以上の点から、参謀本部が過去の怪物災害を参照したところ、血の湖は犠牲者の生命力と能力を得ているのでは? という仮説がたてられました」
ヨアヒムの報告に、室内が戦慄する。
「なんだよ、これ、反則じゃないか」
「どうにもなりませんの?」
会議参加者がそろって頭を抱える中、クロードは堂々と言い放った。
「ああ、厄介だ。だから攻略法を考えよう」
不穏な報告にも関わらず、絶望など欠片も感じさせないトップの姿勢が、動揺した列席者を沈黙させる。
「自信満々でよく言えるわね?」
「ローズマリー嬢、勝ち目がないわけじゃない。思い出して欲しい、僕たちの戦いはいつだってギリギリだった。特にドクター・ビーストとオズバルト・ダールマンは、今でも勝てたのが不思議なくらいだ。それでも僕たちは乗り越えてきたじゃないか」
クロードが名を挙げたのが緋色革命軍と共和国の将だったのは、彼なりの気づかいだ。
オーニータウン防衛戦から始まって、エングホルム領遠征、ベナクレー丘撤退戦、ボルガ湾海戦、ドーネ河会戦、レーベンヒェルム領内戦、昇葉作戦……、どの戦いだって紙一重だった。

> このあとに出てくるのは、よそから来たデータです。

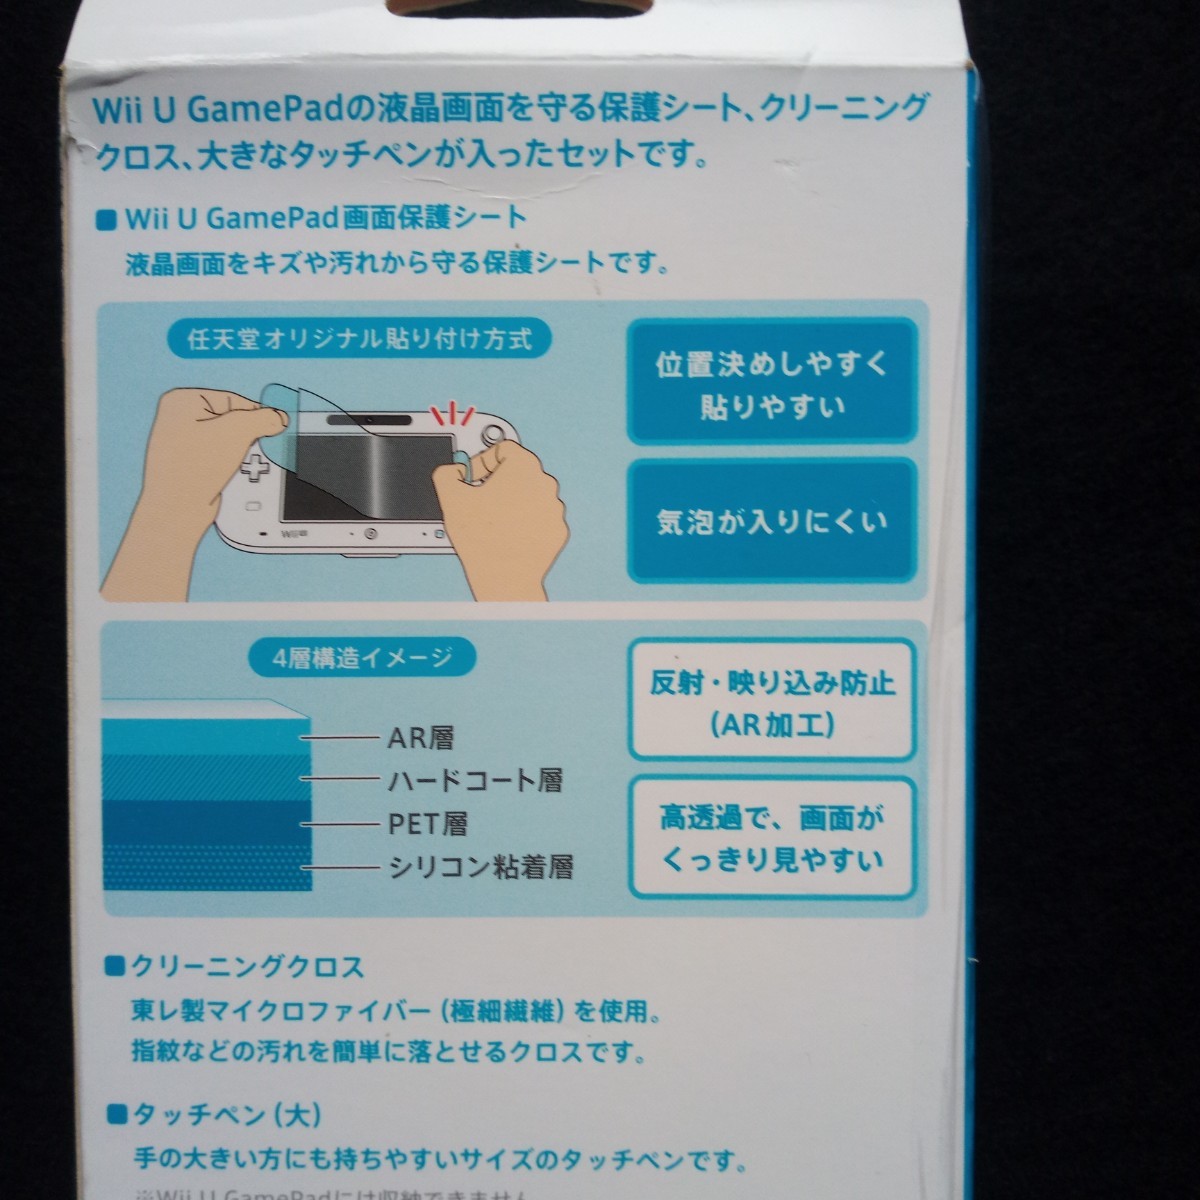 Wii U GamePad アクセサリー3点パック

ここに集まった者たちは、それらの危機を乗り越えてきた万夫不当の勇士なのだ。
積み重ねた経験が、窮地にあってなお苦難に立ち向かうための、希望の光と熱を灯す。
「それに忘れてないか。ここにいる僕はスライム退治のベテランだ」
そうして続く言葉で、聴衆の高揚は北海の水底ほどに冷え込んだ。
「レアさん、クロード、……辺境伯様と青いスライムの対戦成績はなんだっけ?」
「はい。一昨日で0勝ひゃ」
「待つんだレア。それにエリック、百戦以上だぞ。これだけの戦歴を重ねれば、もうスライムバスターとか、スライムデストロイヤーを名乗っても許されるはずだ」
「申し上げますが、遺跡で倒されたり、駆逐されたりしているのは領主さまの方です」
「何が凄いって、それだけ戦って一勝もできていないってのが凄いよな」
「そ、そんな」
会議が横転しているのを把握して、壇上のヨアヒムが咳払いした。
「縁起が悪いのでリーダーには引っ込んでいてもらうとして、いま優先するべきは血の湖についての情報収集と分析です。持ち帰った念写映像やレポートは、契約神器・魔術道具研究所で検証中。なんらかの糸口が掴めたら、ソフィ姐さんとハサネさんから連絡が入ります。次は、今後の楽園使徒への対応と兵站についてアンセル出納長からの報告です」
ヨアヒムがアンセルに報告のバトンを引き継ごうとした時、会議室の扉がやや乱暴に叩かれた。
「辺境伯様、お待たせしました」
「クロードくん、解析が終わったよ。驚かないでね、今、お客様が来てるんだ」
飛び込んできたハサネとソフィの慌てた様子に、クロードたちははてと首を傾げた。
この緊急時に来客など、歓迎できるものではないはずだが……。
促されて入室したのは、薄紫色のショートカットの髪とアーモンド形の同色の瞳、透き通るように白い肌が印象的な、青く輝くワンピースを着た少女だった。